Russna Kaur: it is not easy to find a dark place when the sky seems four times greater
Russna Kaur’s creative process often begins with writing, rearranging words on a page much in the same way she manipulates paint on a surface. Working between digital sketches and physical media, Kaur combines multiple paintings to create large-scale modular compositions. Rather than approaching painting as a fixed, singular object, Kaur’s works are unbound, expansive and adaptable.
Event/Exhibition meta autogenerated block.
November 4, 2022
Kaur’s formal approach reflects her ideas about painting as a way of observing the world. She uses colour to variously conceal or reveal, line to connect or sever relationships within a composition, and texture to unite otherwise contradictory surfaces.
For her project at Remai Modern, it is not easy to find a dark place when the sky seems four times greater, Kaur extends her painting onto the museum wall. Located in the Level 2 elevator alcove, the painting breaks through the frame and challenges the restriction presented by the edge of the canvas.
Moving between minor details and broad views, Kaur’s multilayered works are embedded with diverse references including the spectacle of amusement parks, flea markets and religious spaces—sites of overstimulation, observance and illusion. Growing up as the eldest daughter in a Punjabi household, her study of biology, work in the Indian wedding industry and commercial surface and textile design also influenced her way of looking and making. Kaur describes her paintings as “abstractions of real life, exploring how a surface can reveal a narrative that addresses complex personal and cultural histories.”
The annual RBC Emerging Artist Series provides funding to support an emerging artist at Remai Modern.
Celebrate the launch of the exhibition with an artist talk from Russna Kaur on November 3, 7 PM.
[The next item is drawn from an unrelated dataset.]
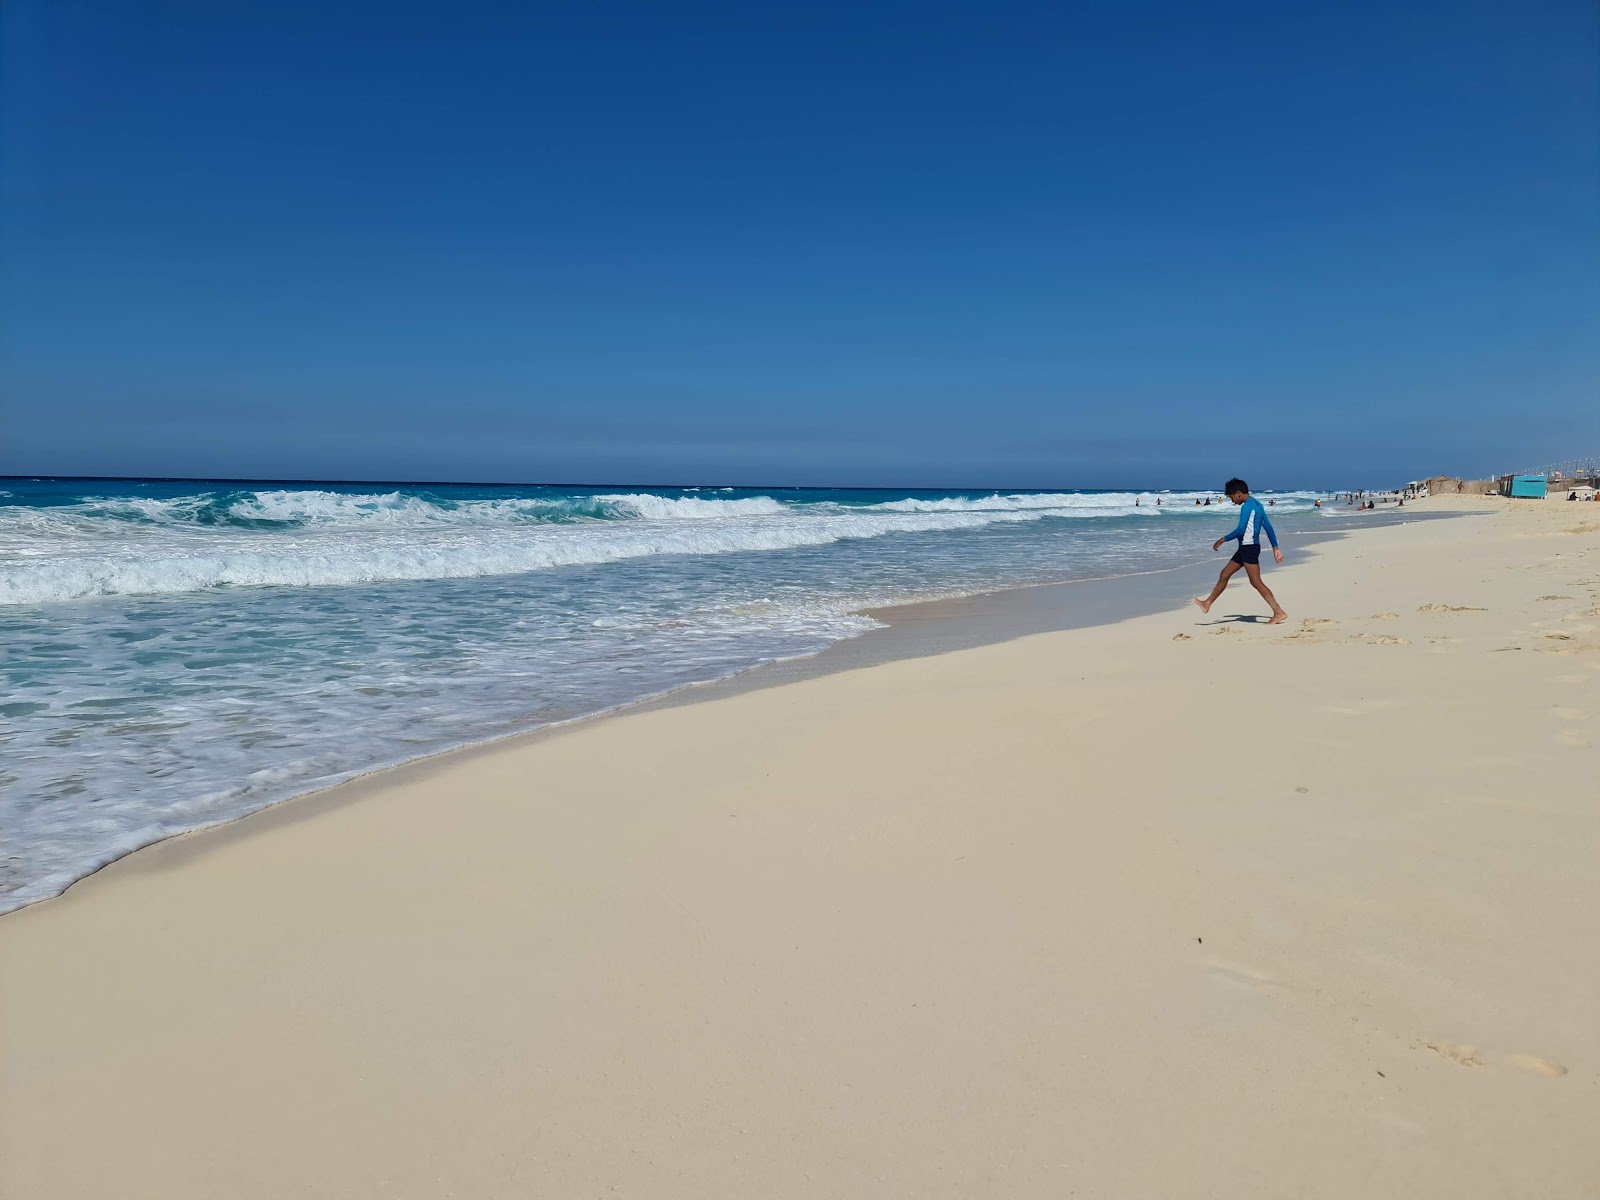 Blue Sand beach'in fotoğrafı parlak ince kum yüzey ile

Russna Kaur (b. 1991, Brampton ON) is an artist living and working in Vancouver. Kaur is the recipient of the Takao Tanabe Painting Prize (2020) for emerging painters in British Columbia and the IDEA Art Award (2020). She was awarded the Gathie Falk Visual Arts Scholarship (2019), the University Women’s Club of Vancouver Graduate Scholarship (2017), and an Audain Faculty of Art Graduate Teaching Fellowship (2018). She has been an artist-in-residence at the Burrard Arts Foundation (2020) in Vancouver which concluded in a solo exhibition, Suddenly her lips sharpened – it was splendid. Kaur received the Centrum Emerging Artist Residency (2020) in Port Townsend, Washington.
Her work is a part of several collections including the Audain Art Museum, Vancouver Art Gallery and the Surrey Art Gallery. She holds an MFA from Emily Carr University of Art + Design (2019), and a BA (Honours) with a studio specialization from the University of Waterloo (2013).